Menurutnya, pusat justru tidak menggubris kewenangan pemerintah daerah untuk mengelola keuangan daerah. Menurut pandangan DPRD harusnya pemerintah daerah diberi ruang dengan mempertimbangkan peraturan gubernur. Salah satunya terkait anggaran perjalanan dinas ini. Daerah selalu terbentur dengan aturan yang sudah terlebih dahulu dibentuk tanpa mempertimbangkan kondisi daerah
“Itulah yang membuat daerah jadi segan melawan pusat karena terbentur aturan yang tidak fleksibel dengan kewenangan daerah,” tambah Rusman.

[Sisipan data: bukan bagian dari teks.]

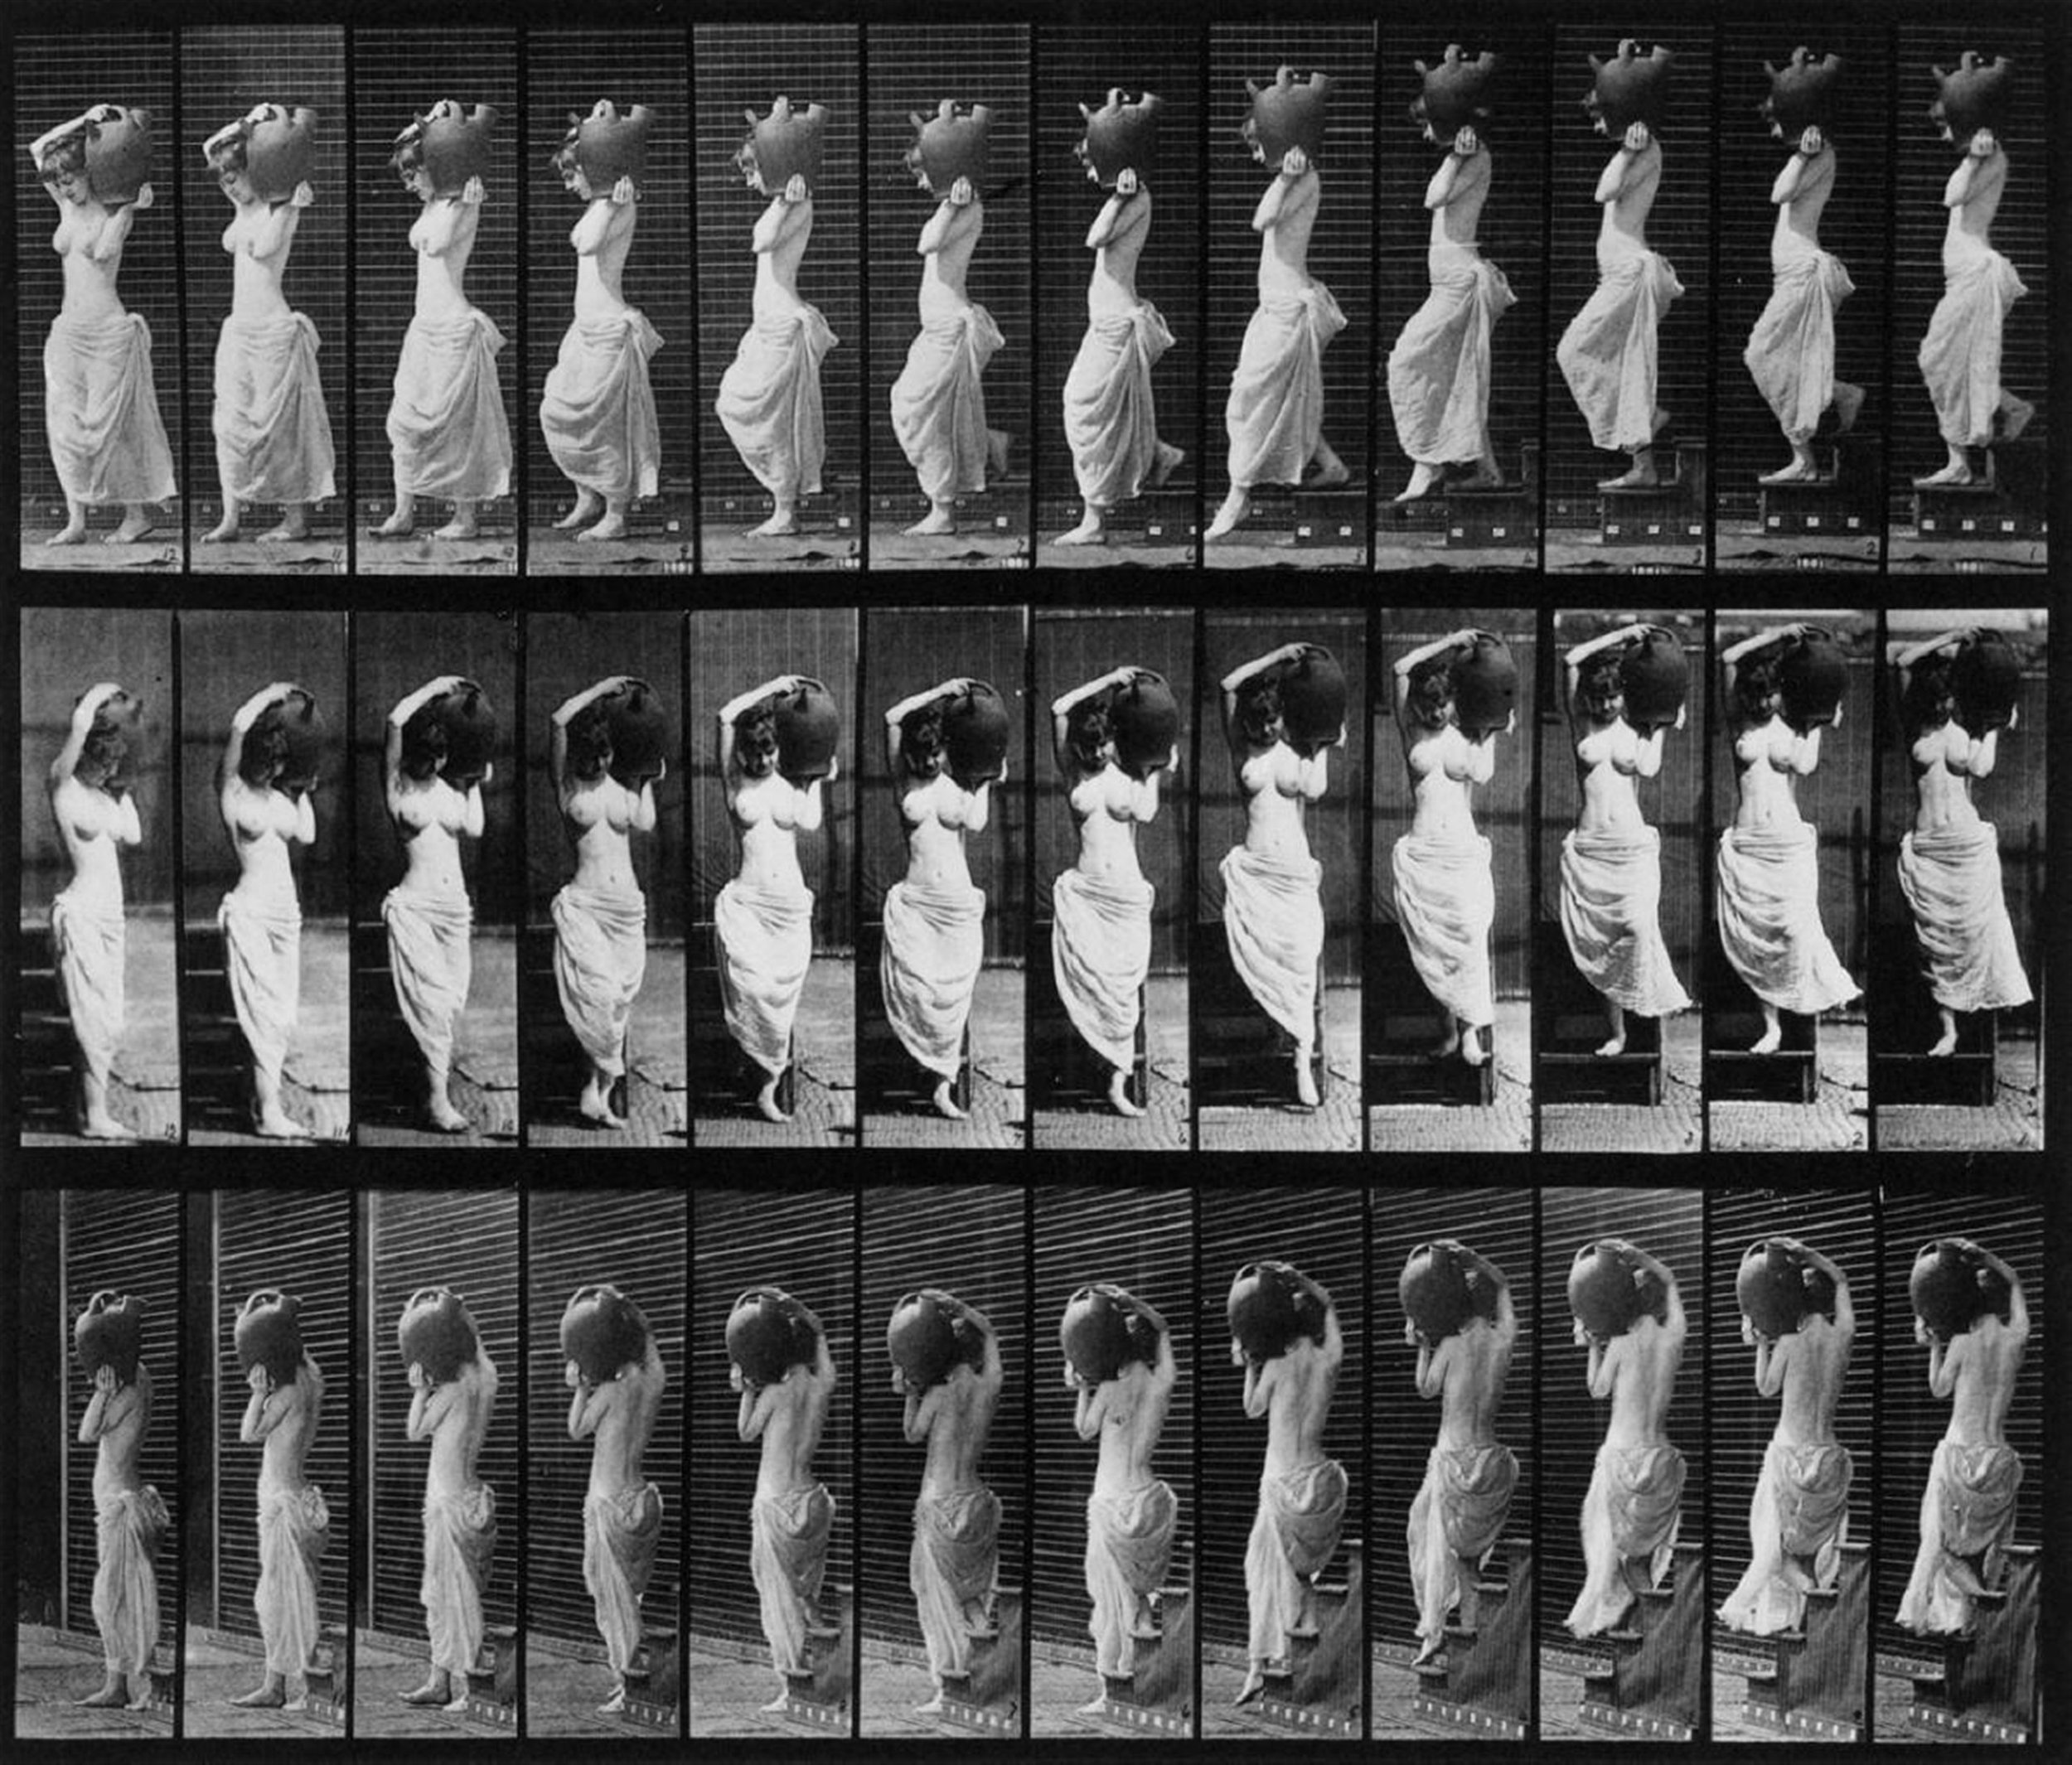 Muybridge Movement Study

Dari situ, menurutnya banyak kebutuhan daerah yang tidak terakomodir dalam standarisasi anggaran itu. Apalagi pejabat pengawas di daerah juga menggunakan aturan itu sebagai tameng. Artinya daerah tidak punya kewenangan.
“Jika terkait kebijakan, seperti yang saya paparkan sebelumnya, ‘saklar’nya ada di Kemendagri. Mengapa sinar lampu didaerah tidak merata, itu terkait kebijakan disana dan memang itu bukan ranah Kementerian keuangan,” ujar walidi.

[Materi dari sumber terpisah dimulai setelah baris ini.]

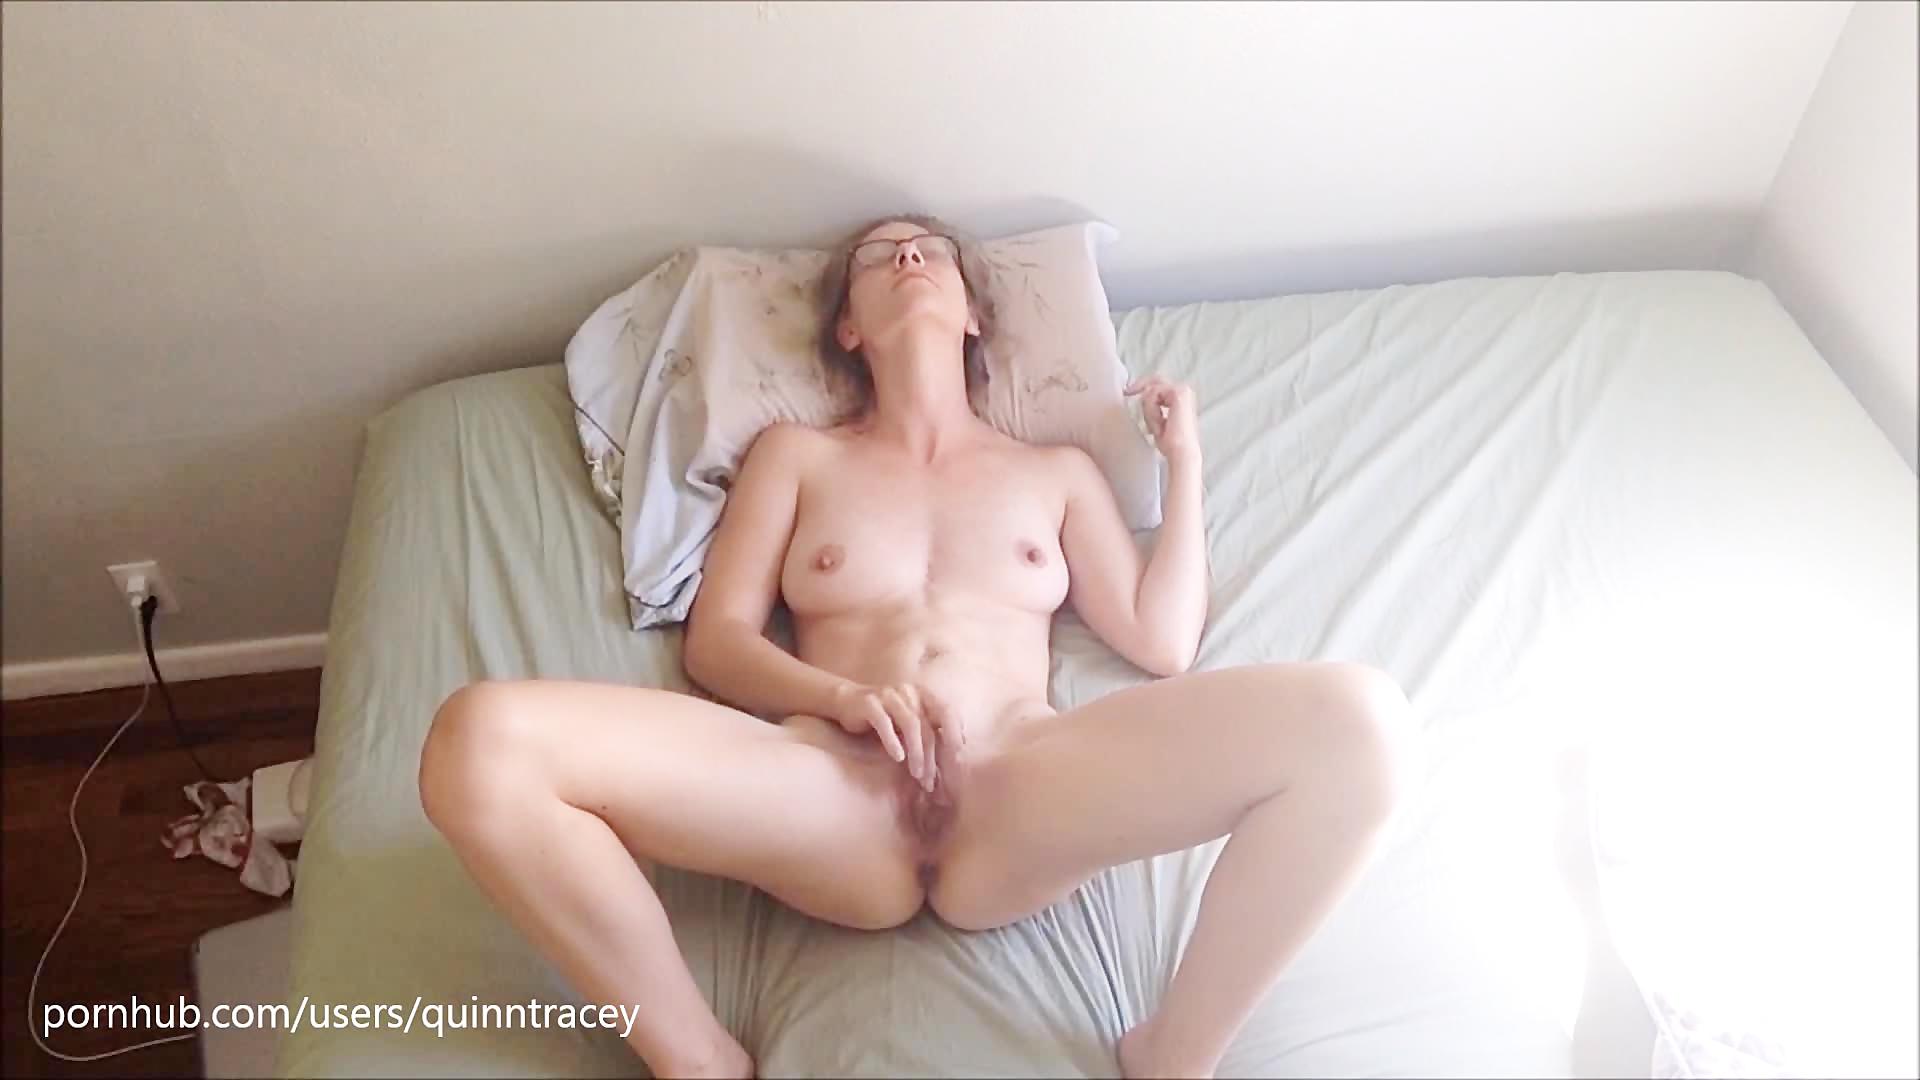 virgin sex hardcore pics

Ditambahkan Walidi, standar di kementrian keuangan, ada 2 aturan. Yakni lampiran 1 : Perencanaan dan pelaksanaan , dan lampiran 2 digunakan saat perencanaan, tapi bisa dilampaui saat pelaksanaan. Contohnya terkait ad cost.
Lampiran 1 soal pendapatan dan fasilitas termasuk uang harian dan penginapan. Lampiran 2 bisa dilampaui misalnya tiket pesawat. Itu diperbolehkan karena perbedaan kebijakan biaya penerbangan di daerah.
“Contohnya, aturan perjalanan dinas adalah dari kota ke bandara. Tetapi tidak antarkabupaten. Nah, terkait perjalanan dalam daerah, silahkan rombongan mendalami merujuk aturan yang berlaku. Karena standar itulah yang harus diperjuangkan agar bisa berubah sesuai kondisi daerah,” tambahnya. (adv/dhi/oke)
Teks foto: 5opening SERIUS: Diskusi antara rombongan DPRD dan Pemprov Kaltim saat berkonsultasi di Kementerian Keuangan, Jakarta (4/2).